NC Sheriff’s Slurs Snarl Locals’ Immigration Work
Marlon A. Walker, AP, October 22, 2008
{snip}
But in a newspaper interview last month, Bizzel [Sheriff Steve Bizzell] complained that “Mexicans are trashy” and pointed to several children playing and said “All they do is work and make love.” Though he quickly apologized, his contrition wasn’t enough to ward off critics who call his comments evidence that the nation’s increasingly popular efforts to enforce immigration statutes locally have nothing to do with law and order.
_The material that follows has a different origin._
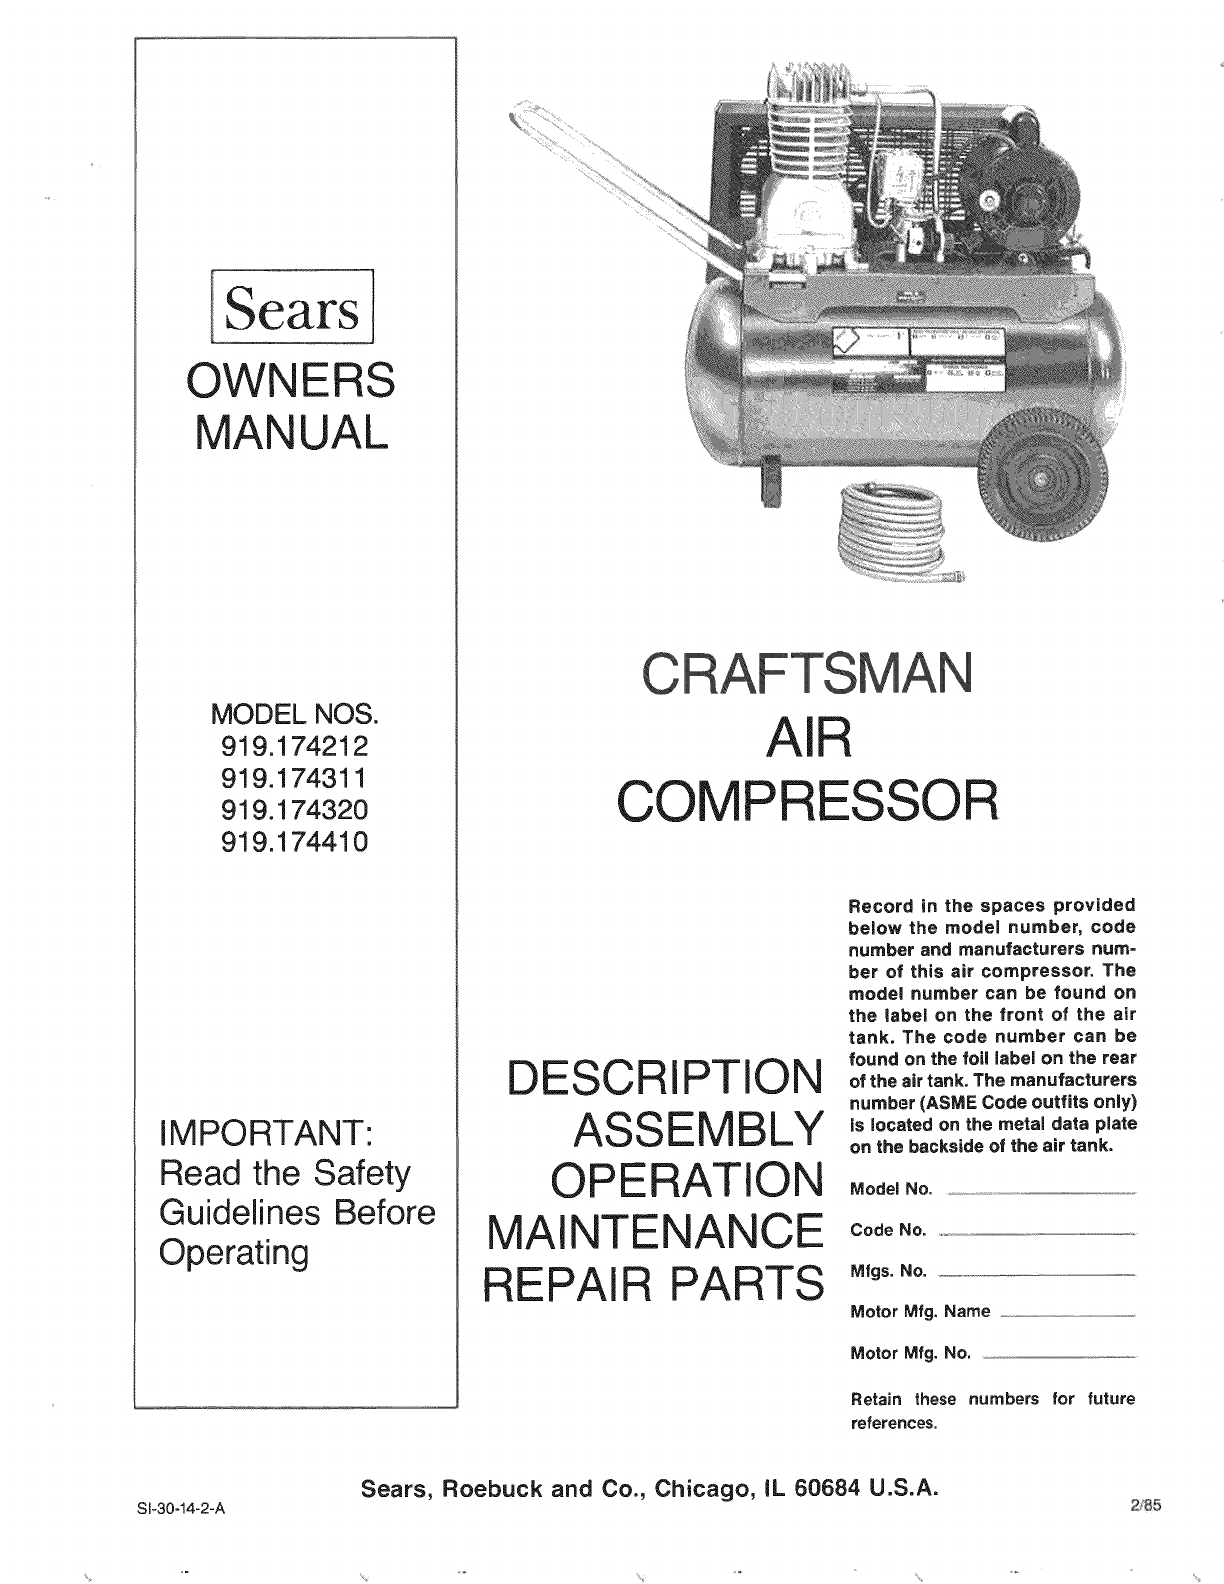 Manual Air Compressor Manuals

“The chief law enforcement officer is demonstrating his racism in public, and he’s allowing his officers to do the same,” said Tony Asion, the executive director of nonprofit advocacy group El Pueblo and a retired Delaware state trooper. {snip}
{snip}
Twenty years ago, roughly 77,000 Hispanics lived in North Carolina—about 1.2 percent of the population. At about 600,000 today, Hispanics represent 6.6 percent of the state’s 9.1 million residents, the 12th-largest overall Latino population among the 50 states.
The Washington-based Pew Hispanic Center estimated in 2006 there were about 400,000 illegal immigrants in North Carolina, most of whom are Latino. There is no breakdown based on ethnicity.
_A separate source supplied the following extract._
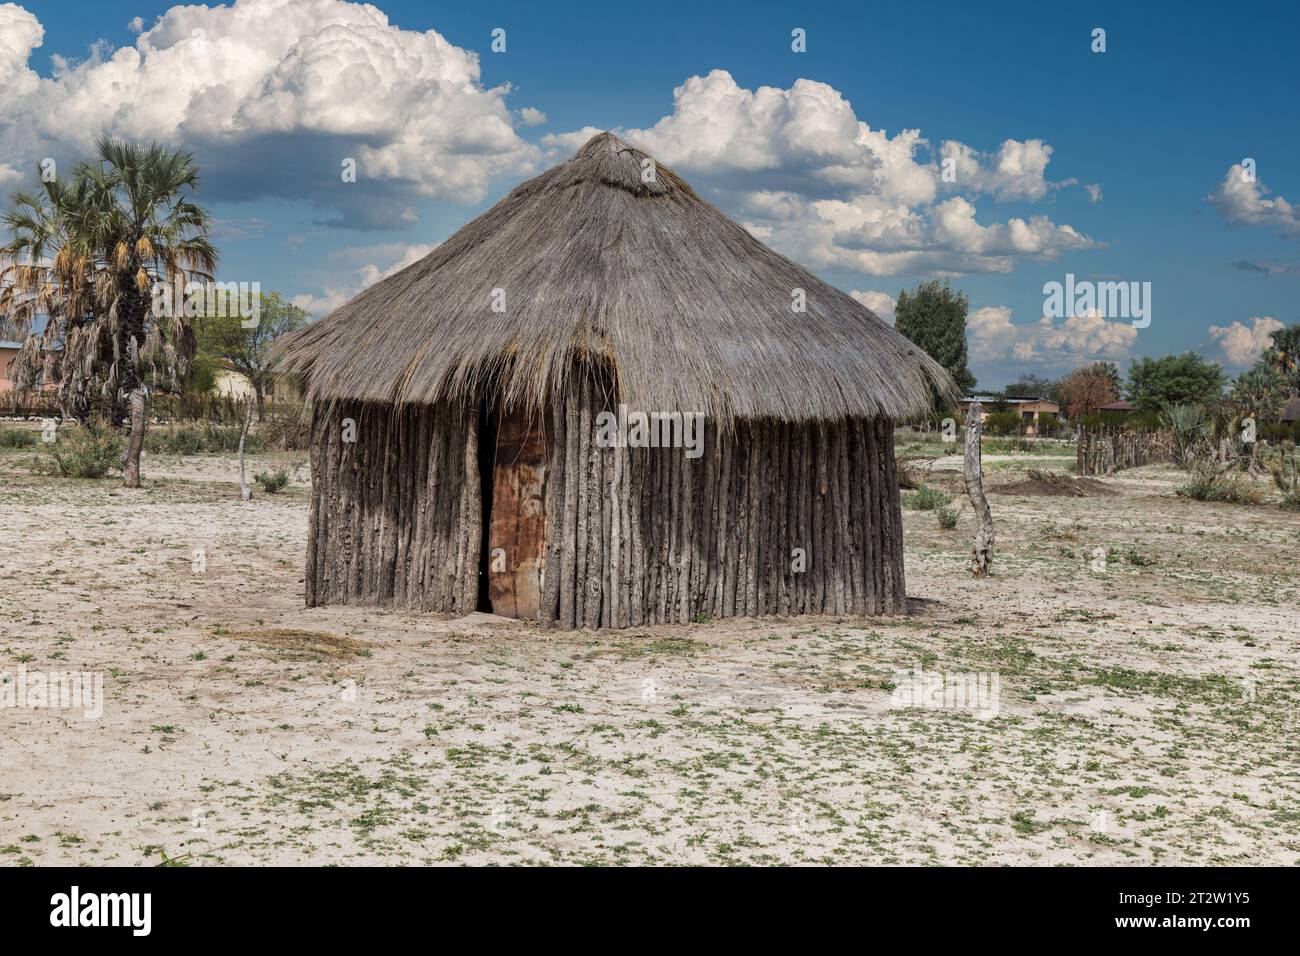 Villaggio del Botswana rondavel con pareti in legno e tetto di paglia tipico dell'africa meridionale Foto Stock

In Bizzell’s Johnston County, a short drive from Raleigh, Hispanics made up 1.5 percent of the population in 1990. Now, the group represents about 11 percent of the county’s nearly 160,000 people.
“Look at that,” he said, pointing at a storefront during his tour of the area with the newspaper reporter. “You can’t even read the durned sign. Everywhere you look, it’s like little Mexico around here.”
The 49-year-old has been the county’s top cop for 10 years and has said residents fear most crime is committed by illegal immigrants. In 2006, he said that based on arrests, Hispanics were responsible for up to 85 percent of drug trafficking in the county.
{snip}
“We’re tired of crime in general, but we’re darn tired of crime that involves an illegal criminal alien who shouldn’t be here in the first place,” he said then.
{snip}
Buncombe County Sheriff Van Duncan told Spanish-language paper La Voz Independiente last week that he’s worried that so many people are being pulled over and jailed through 287(g) on simple traffic violations.
{snip}
Bizzell’s comments to the newspaper “go from simply stating opinion to constituting illegal racial profiling if these opinions are reflected in practice,” said Jennifer Rudinger, the executive director of the American Civil Liberties Union of North Carolina. “It’s one thing to think something and say something. It’s another to have that kind of bias carried out and enforced.”
Rudinger said the ACLU is seeking information from Johnston County about the number of drunken-driving checkpoints, arrests and jail bookings to see if Bizzell’s department is complying with state law prohibiting profiling.
Bizzell’s attorney Ronnie Mitchell said that will only be good for his client.
“Those documents reinforce Sheriff Bizzell’s commitment to fairness, liberty, and justice for all.”